Word for word, output every line of the material below, minus pictures.

** SUPPLIED MATERIAL follows **

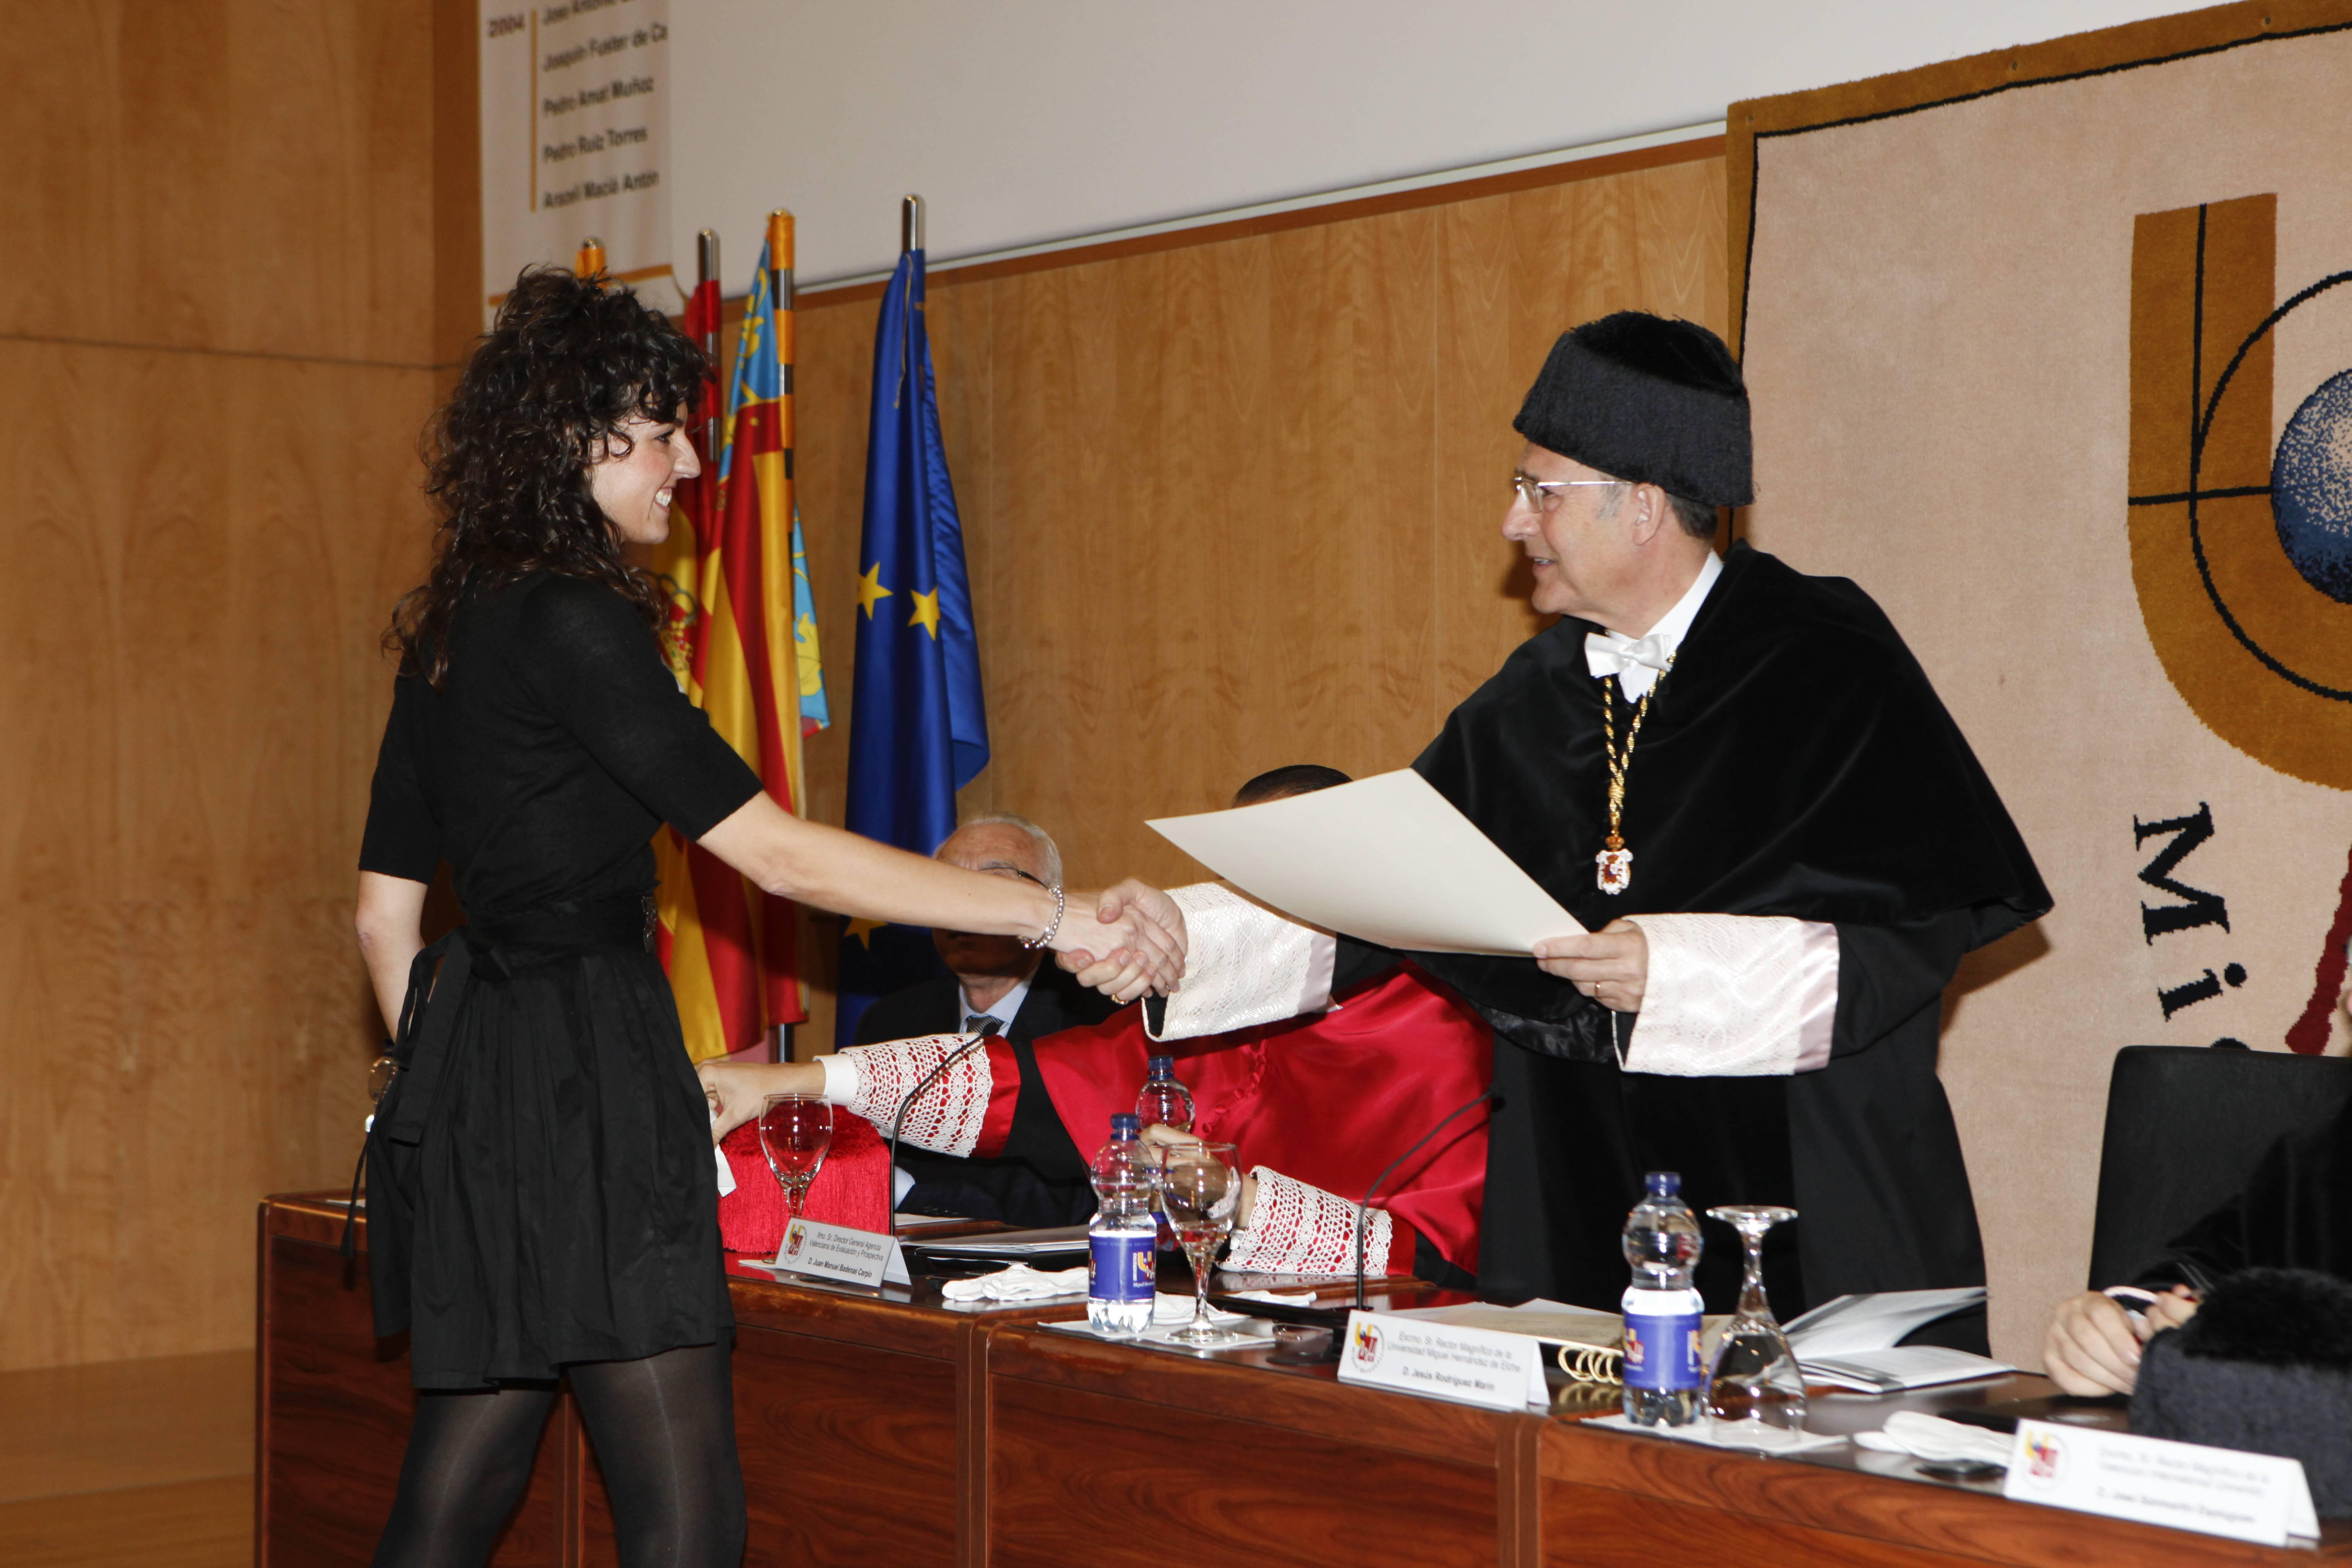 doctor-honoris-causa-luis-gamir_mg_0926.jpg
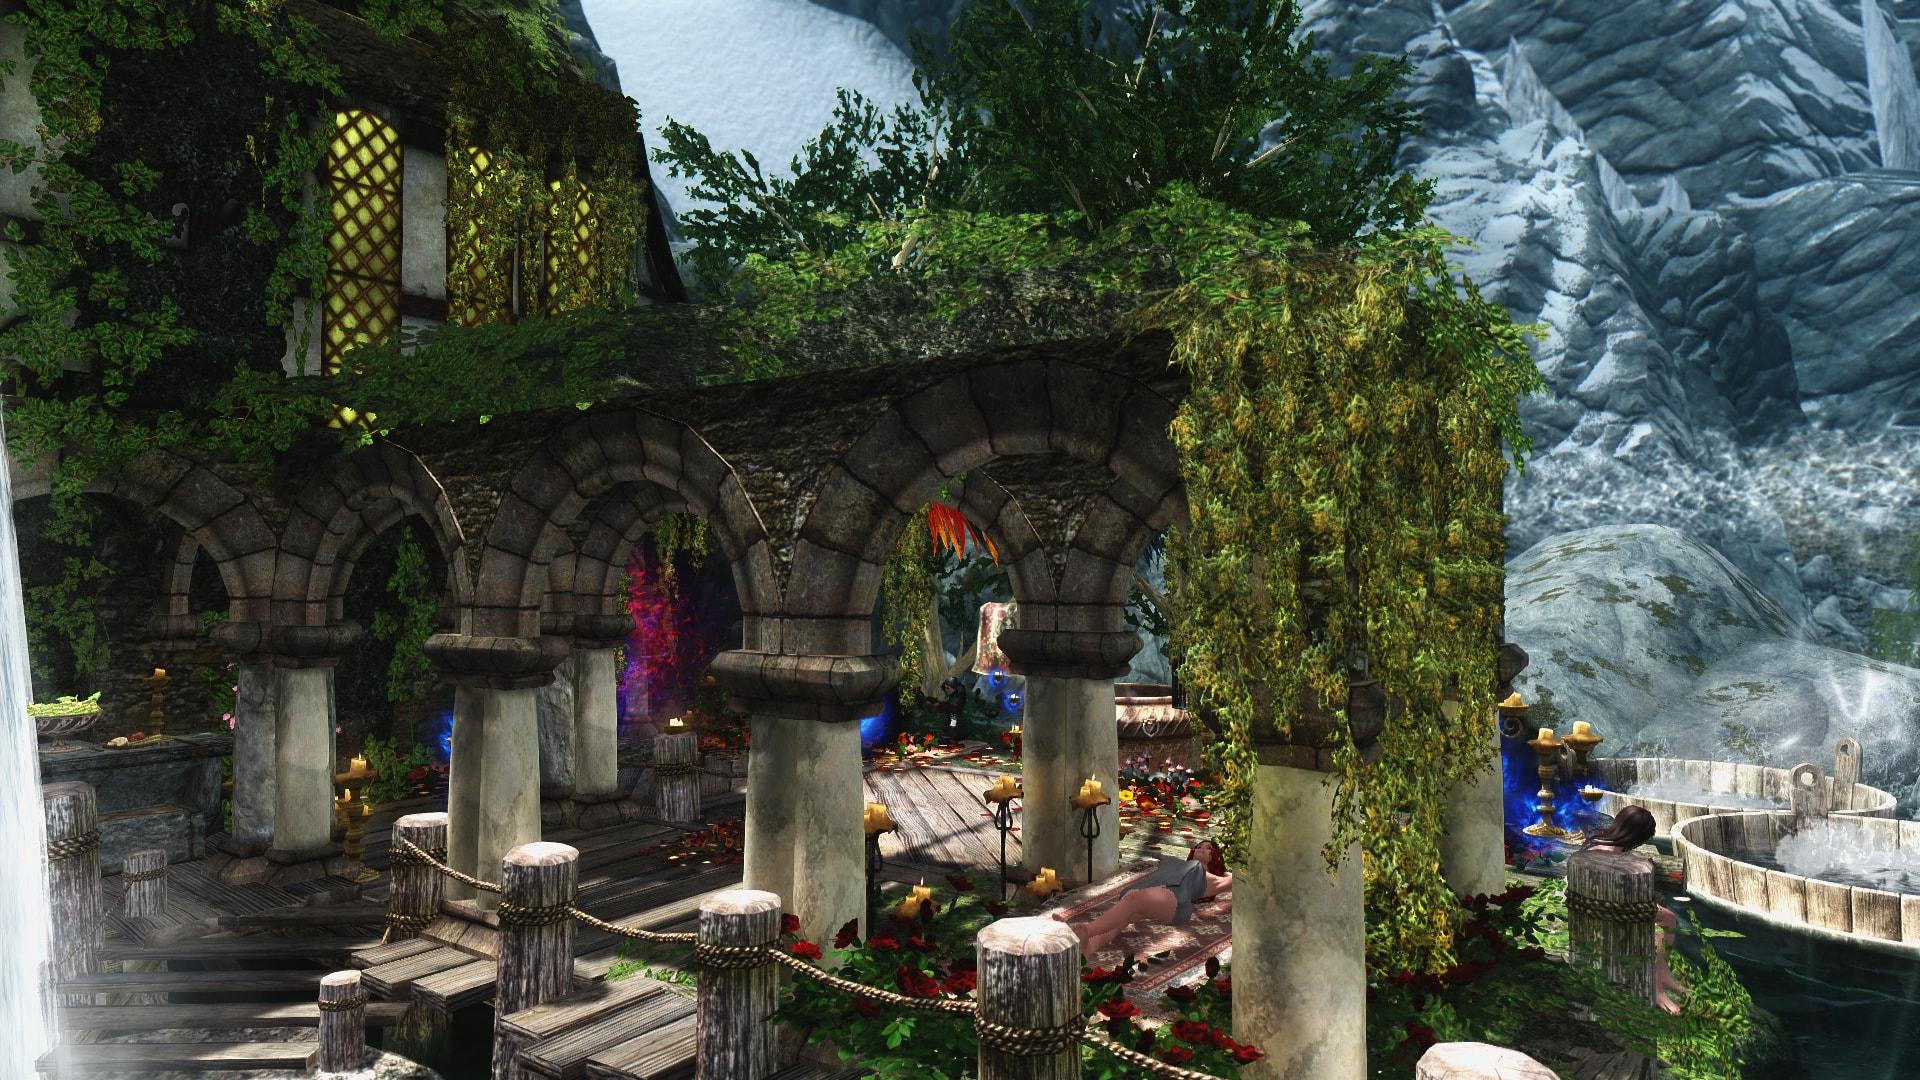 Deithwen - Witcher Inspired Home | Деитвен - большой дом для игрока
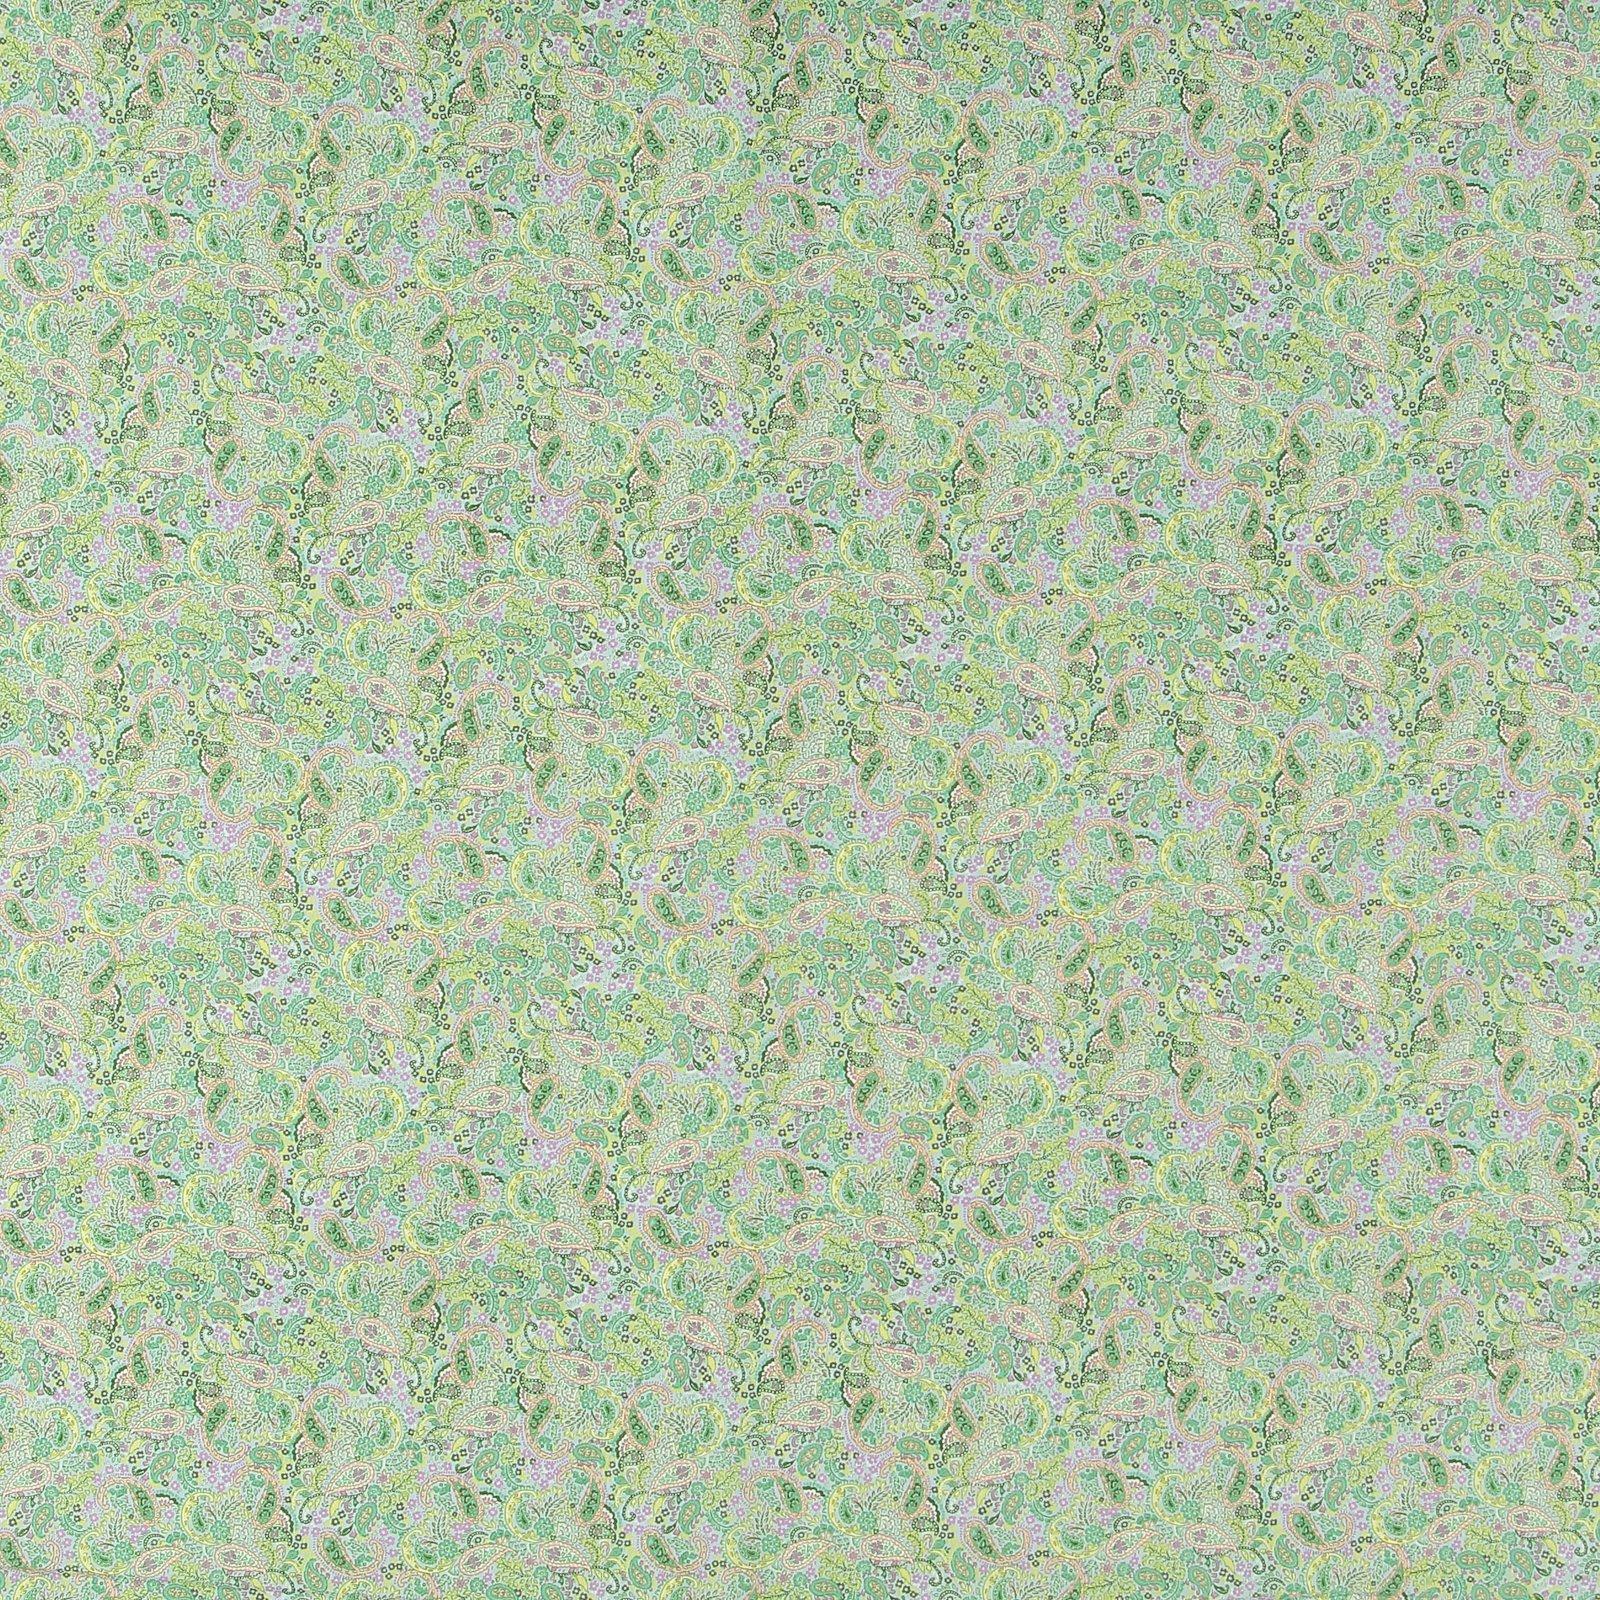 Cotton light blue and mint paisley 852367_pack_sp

** End of SUPPLIED MATERIAL **

● SOLVED EXERCISE:
 doctor-honoris-causa-luis-gamir_mg_0926.jpg
 Deithwen - Witcher Inspired Home | Деитвен - большой дом для игрока
 Cotton light blue and mint paisley 852367_pack_sp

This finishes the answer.